Ритуал. Часть 1 | страница 78



Дом отпрянул от дерева, и подпрыгнул от боли, перенеся весь свой вес на больное колено. Сквозь коричневую грязь было видно, как побелело от боли и страха его исцарапанное лицо.

Фил с шумом бросился к ним назад через подлесок, споткнулся и упал на четвереньки. Поднялся на ноги с каким-то сдавленным животным звуком в горле, сменившимся руганью — Черт. Вот, черт. Черт. — Потом как-то неуклюже повернулся кругом. На одном локте болтался рюкзак.

— Нож! — крикнул Дому Люк, выставив перед собой в вытянутой руке перочинный нож. Дом начал яростно шарить по карманам куртки.

Лай раздался снова, из другого места, уже ближе, из-за деревьев, куда как раз отчаянно вглядывался Фил. За грубым лаем последовали два отрывистых храпа, а затем какое-то ржание, которое издают своими черными губами шакалы в документальных фильмах.

Люк двинулся на звук. Кровь так громко стучала у него в голове, что он с трудом мог слышать что-то другое. Каждый мускул внезапно налился теплом и энергией. Он двигался быстро, виляя между деревьев, легко ступая на подушечки ног, сжимая нож так крепко, что вся рука побелела.

Охваченный безумным животным желанием резать, кромсать, рубить, рычать, и не о чем не думать, он услышал свое имя, непрерывно называемое Домом и Филом. Их голоса вернули его к реальности. Он потерял движущую силу, обретя сомнения. Но потом снова вспыхнул от гнева и закричал так, будто был готов встретиться лицом к лицу с чем угодно. — Давай! Выходи!

Он остановился и присел. Повернулся кругом мелкими шажками, вглядываясь в светлеющий лес так пристально, что его лоб запульсировал от напряжения. Он хотел увидеть. Сразу вступить в бой. Заскрипел зубами. — Давай! — Потом снова, выставив вперед подбородок и отведя назад плечи, — Выходи!
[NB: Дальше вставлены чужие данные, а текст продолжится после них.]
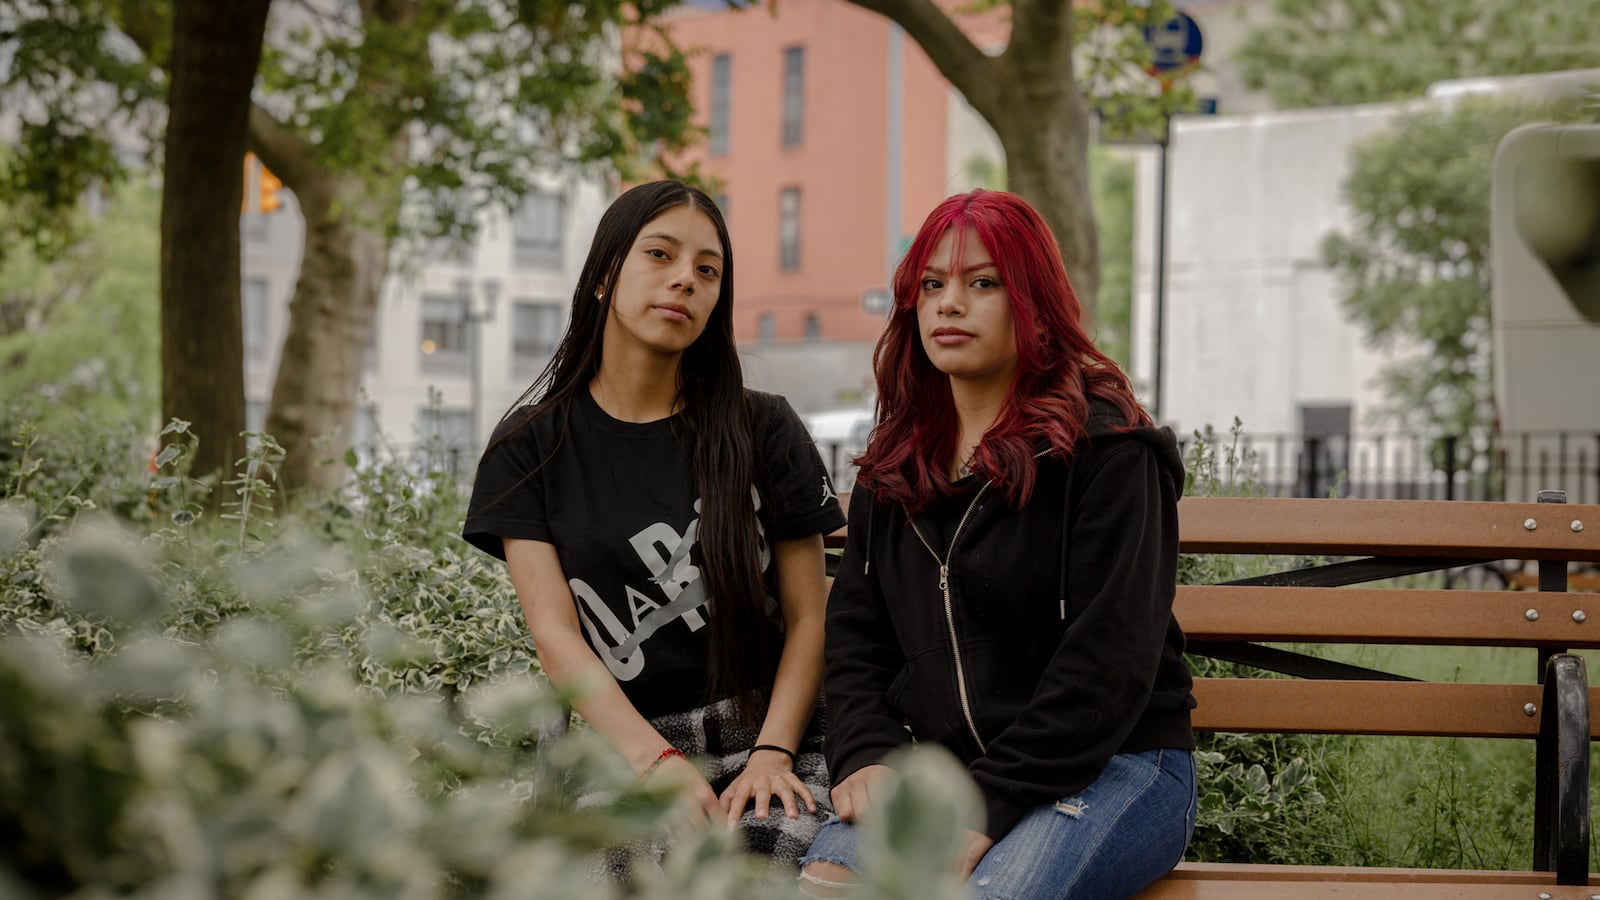 Two high school students and sisters, one with long dark hair and one with short red hair sit next to each other on a park bench with green trees and bushes around then.

Лес оставался безмолвным. Не слышно было даже пения птиц. Жизнь будто замерла.

Где-то справа от него треснула ветка, и этот звук отразился от каждого ствола, разносясь на мили.
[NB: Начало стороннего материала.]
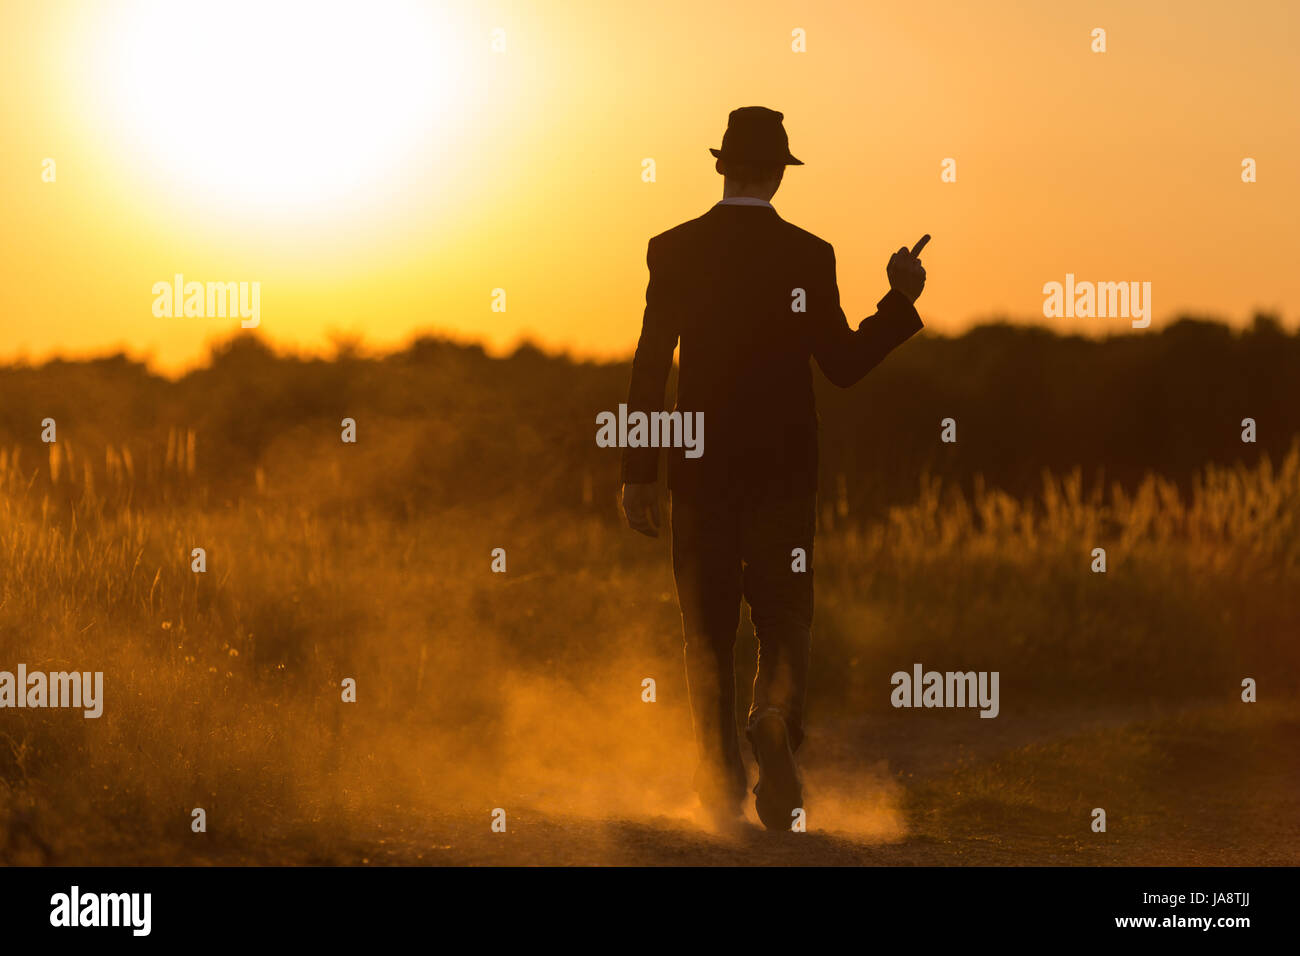 walk, go, going, walking, sunset, go for a walk, alone, lonely, man, abandon, Stock Photo

Люк двинулся на звук, опустив голову. Потом осознал, что со всех ног несется к тому месту, где была нарушена тишина. Бездумно, ослепленный красным пенящимся вихрем, бушевавшим у него в голове, он перепрыгнул через скользкое бревно и с шумом ринулся в заросли папоротника. — Где ты, сука?

Он не увидел ничего. Вдалеке усилились крики Дома и Фила. Они умоляли его взять себя в руки.

— Давай. Выходи и возьми меня, — сказал он, понизив голос. Произнося каждое новое слово все тверже и тверже. Он обращался к темным деревьям и мокрой зелени, к валежнику и глубокой каше из сгнивших листьев, к лишайнику и колючим кустам, к сырому воздуху и дальнему туману, висящему над зеленоватыми камнями, ко всему, что скрывало это жуткое, противоестественное существо. Потому что только сейчас он мог посмотреть в лицо тому, что сотворило подобное с их другом. Сейчас, или никогда. Потому что это то место, куда он пообещал себе вернуться. Он должен спасти какую-то толику себя и если потребуется, умереть здесь. И их охотнику он не дастся легко. Не сдастся быстро и без шума. В этом он поклялся древнейшему лесу Европы.